▸ WHAT TO WORK ON: Exactly the lines from the one containing "Logo_SsangYong" through the end of the data, and nothing more, should be retyped; pictures stay out.

▸ INFORMATION SUPPLIED:
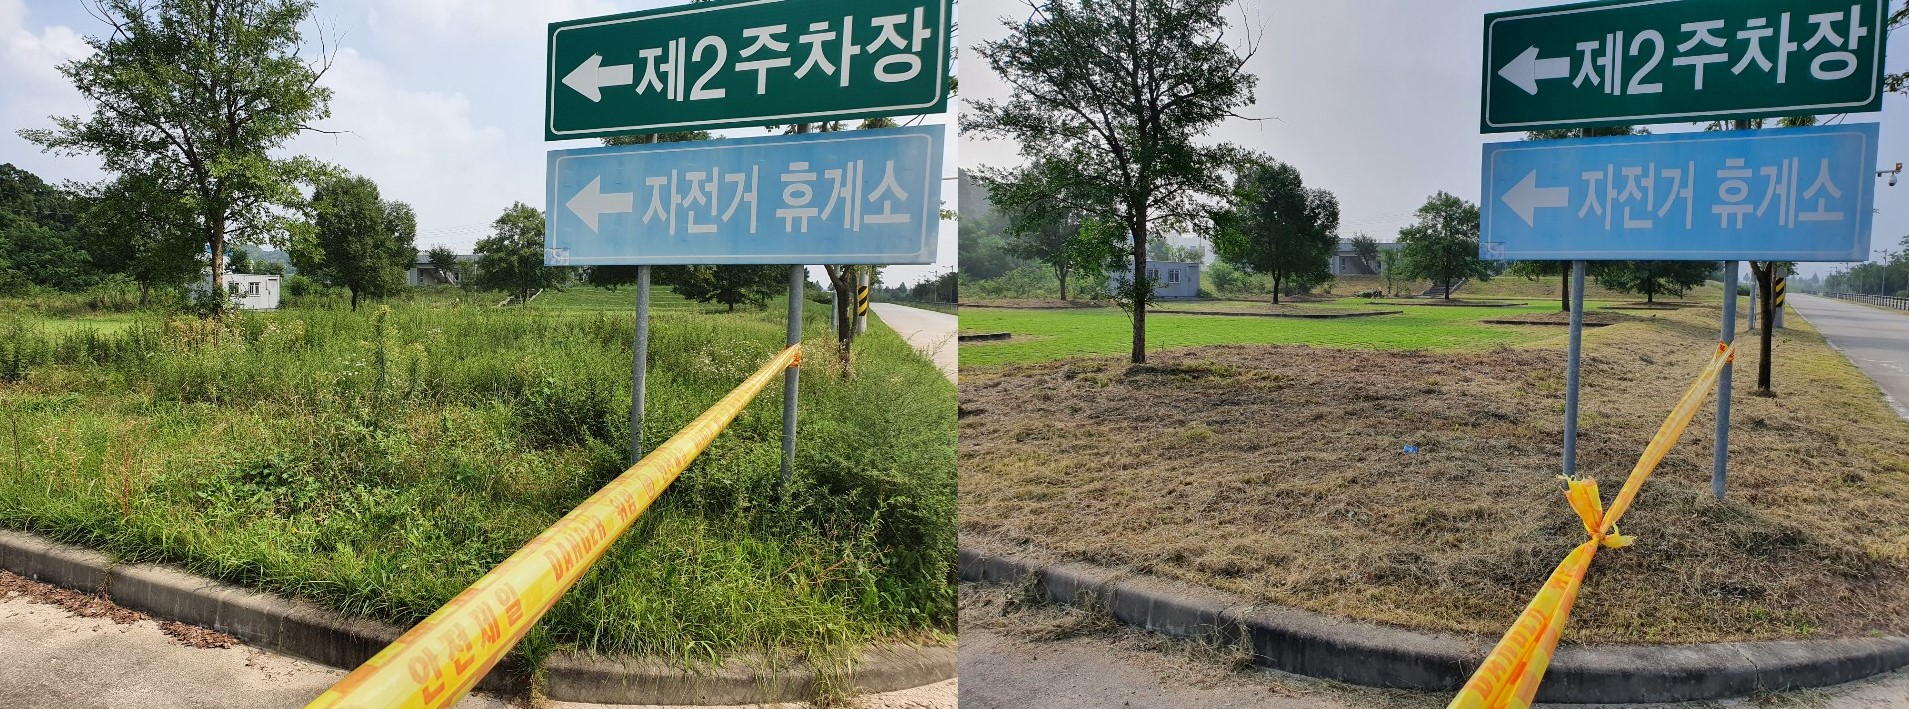 한강유역환경청이 지난 2021년 경기도 양평군 지역의 생태계 교란 식물 제거사업을 추진하기 전(왼쪽)과 후(오른쪽)의 모습2
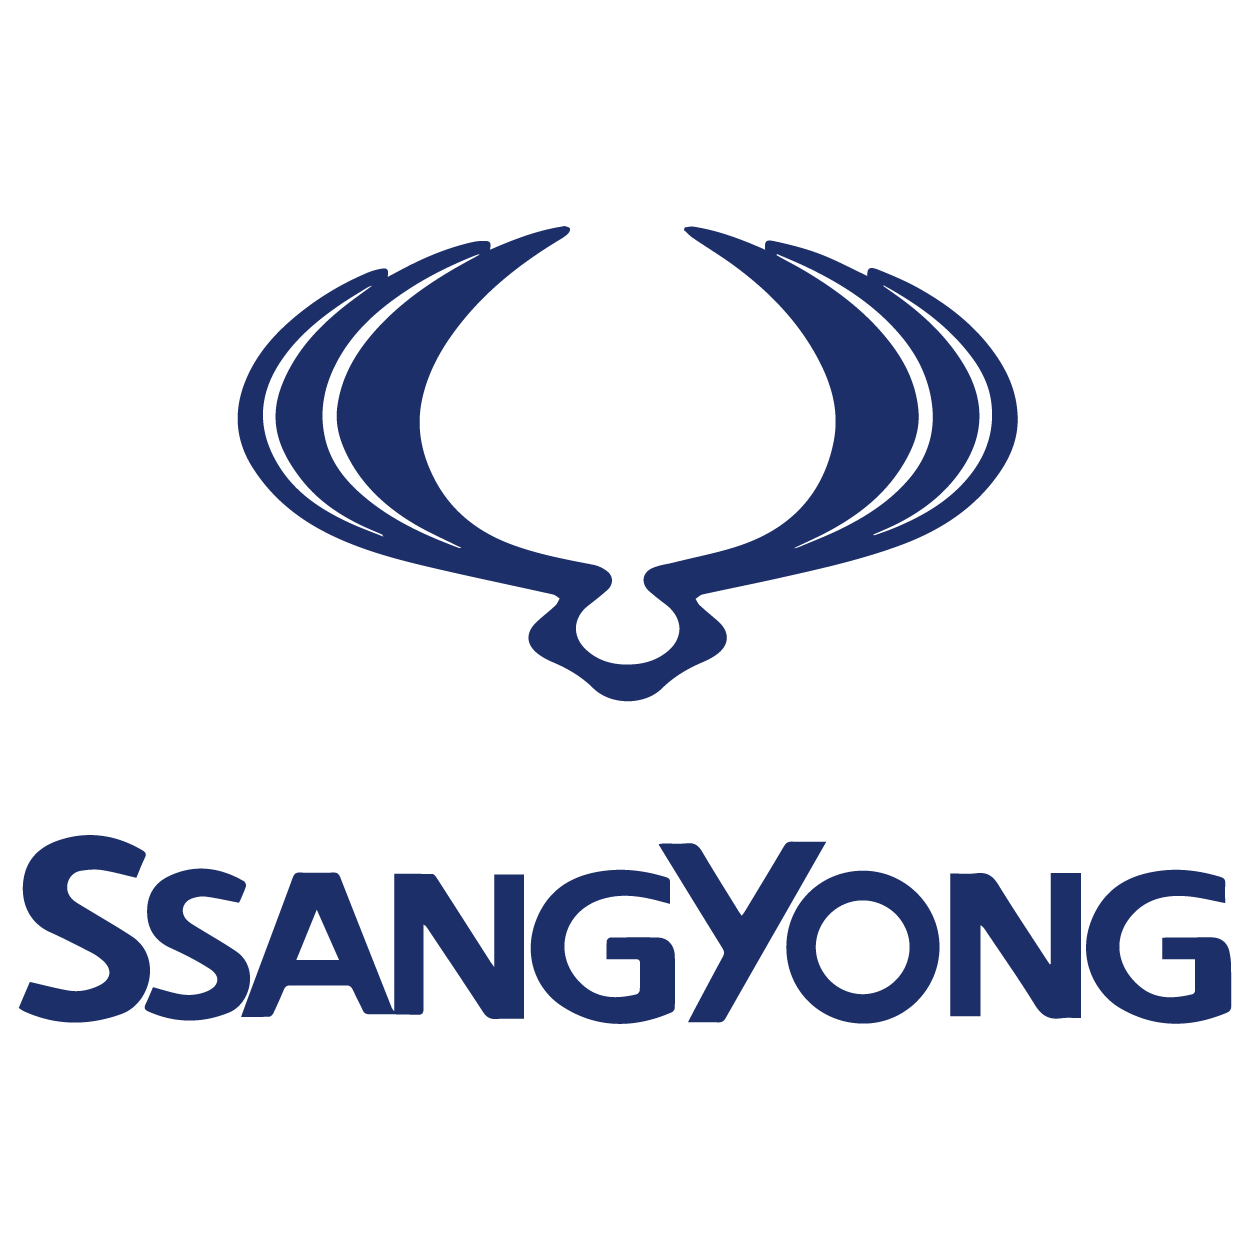 Logo_SsangYong
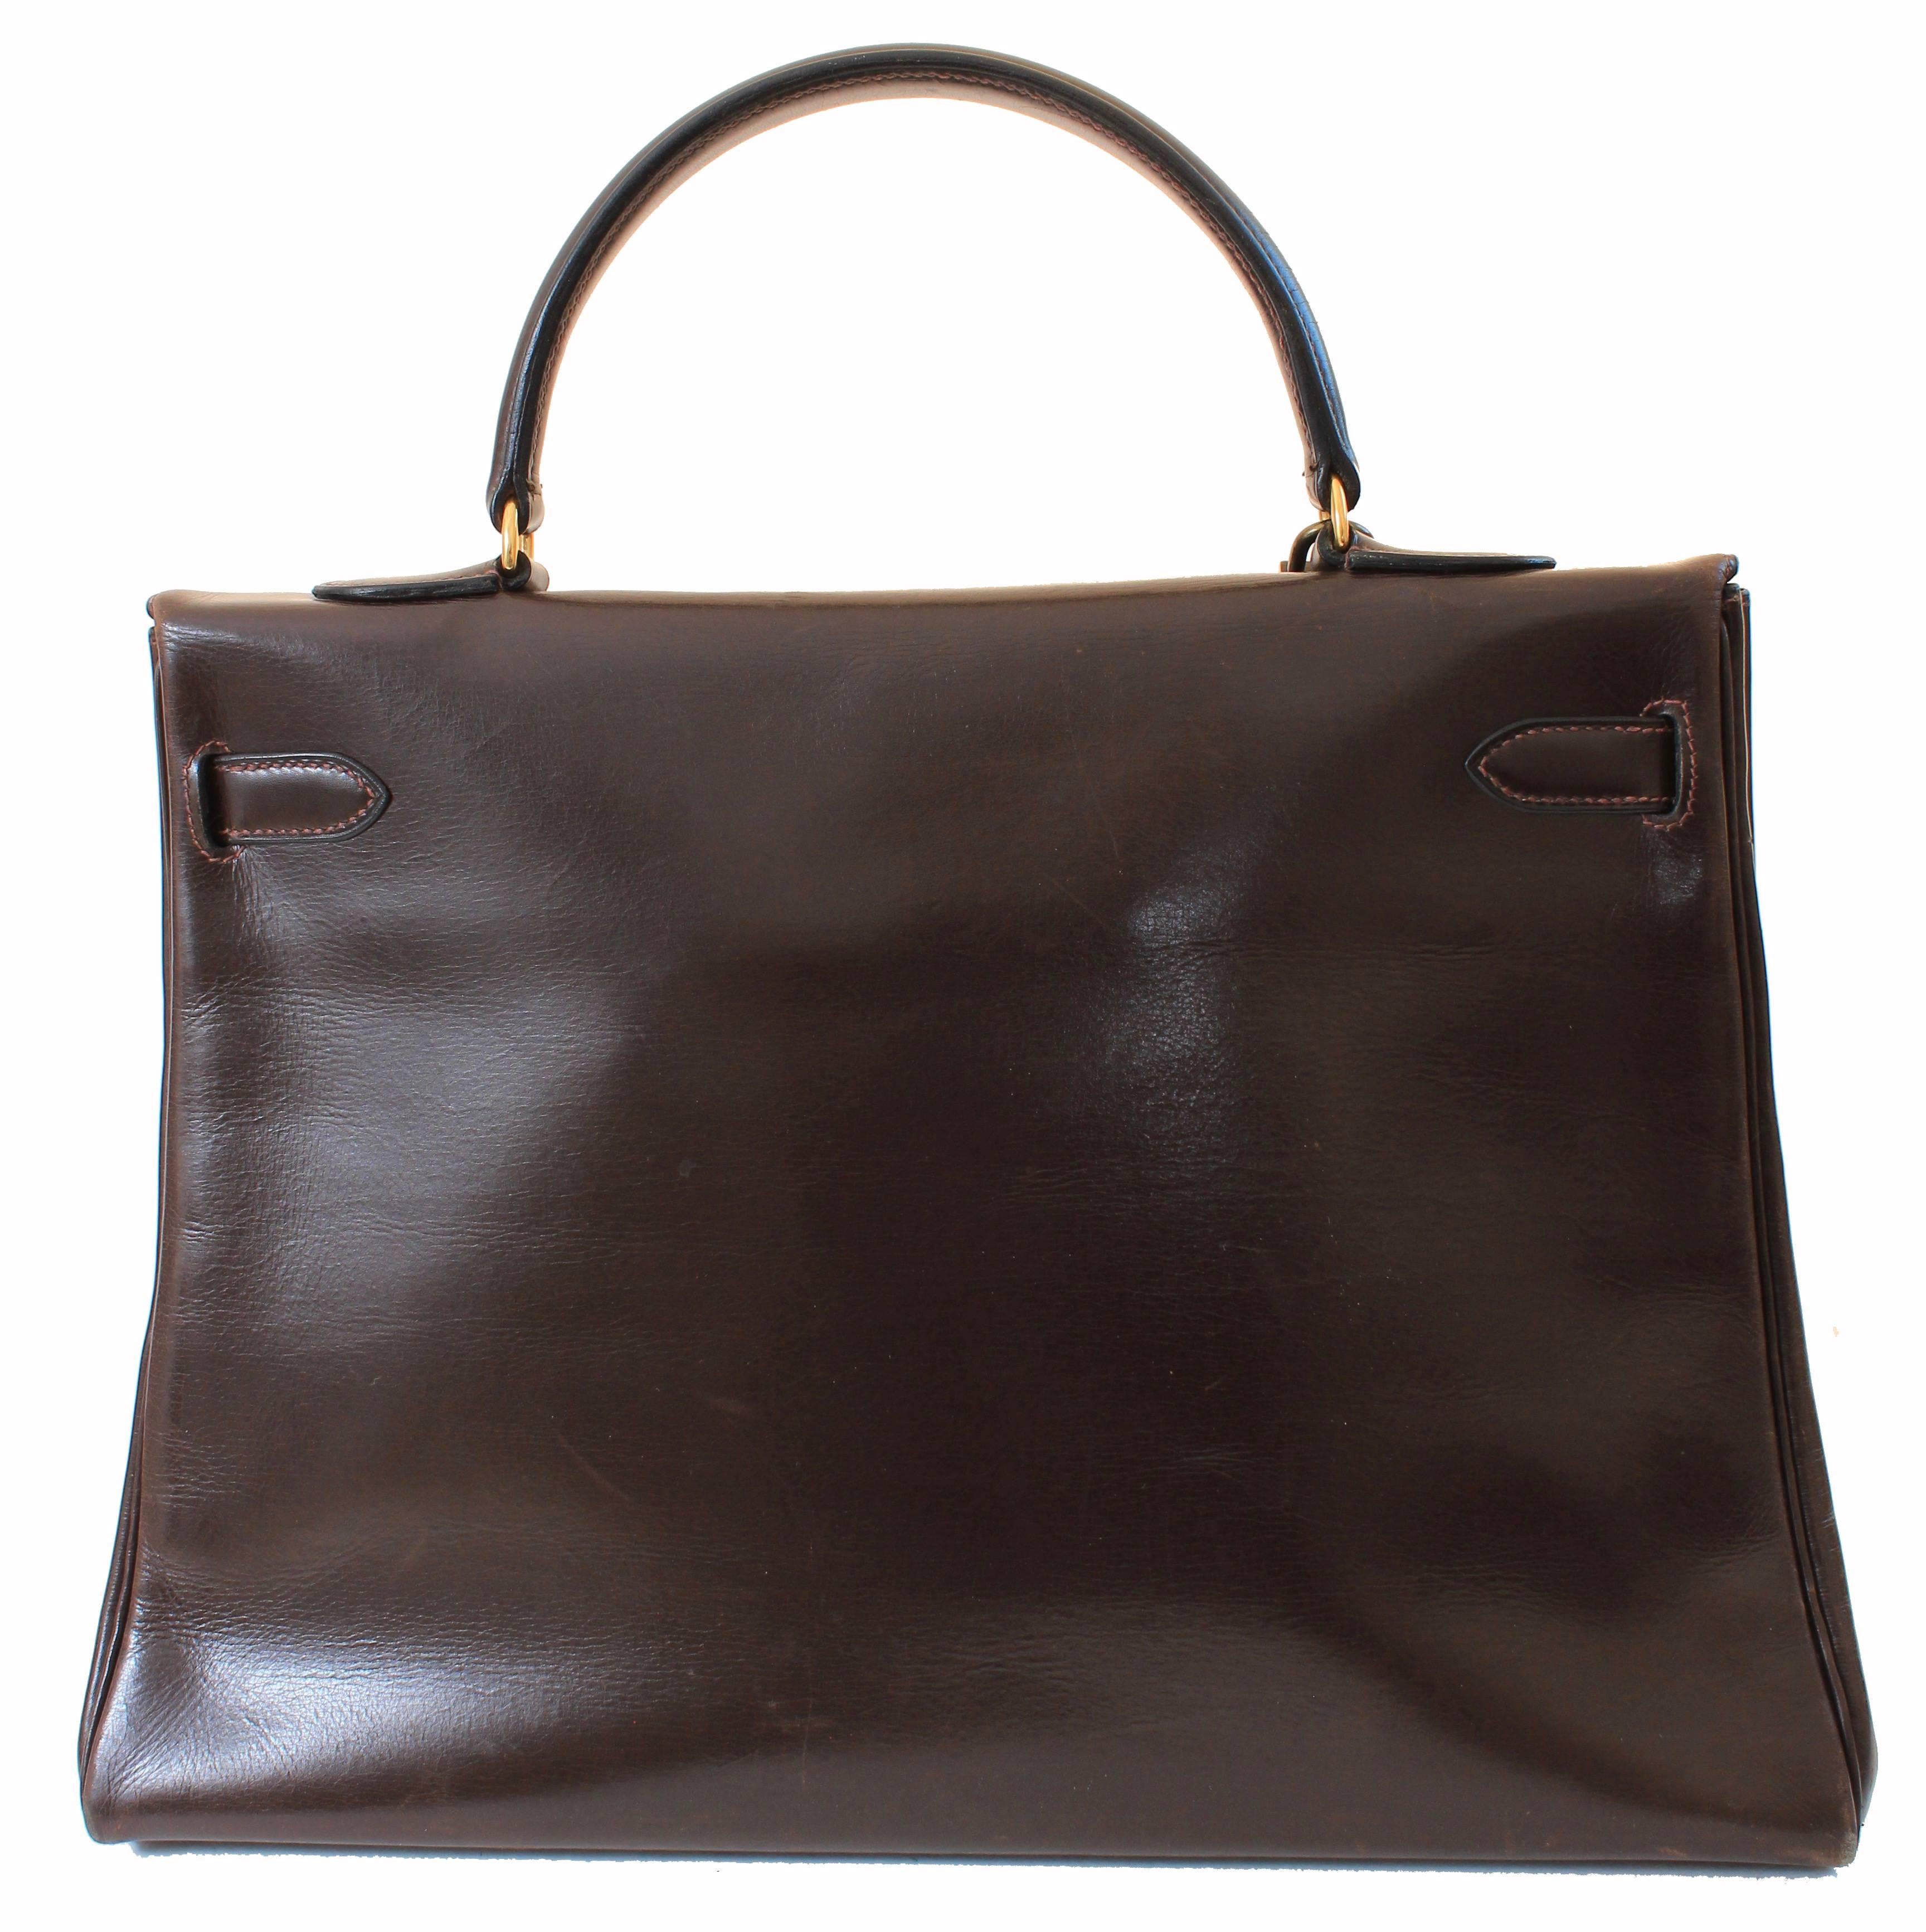 Vintage Hermes Kelly Bag Retourne Brown Box Leather 35cm Top Handle Bag 1945  For Sale 4

▸ EXPECTED ANSWER:
 Logo_SsangYong
 Vintage Hermes Kelly Bag Retourne Brown Box Leather 35cm Top Handle Bag 1945  For Sale 4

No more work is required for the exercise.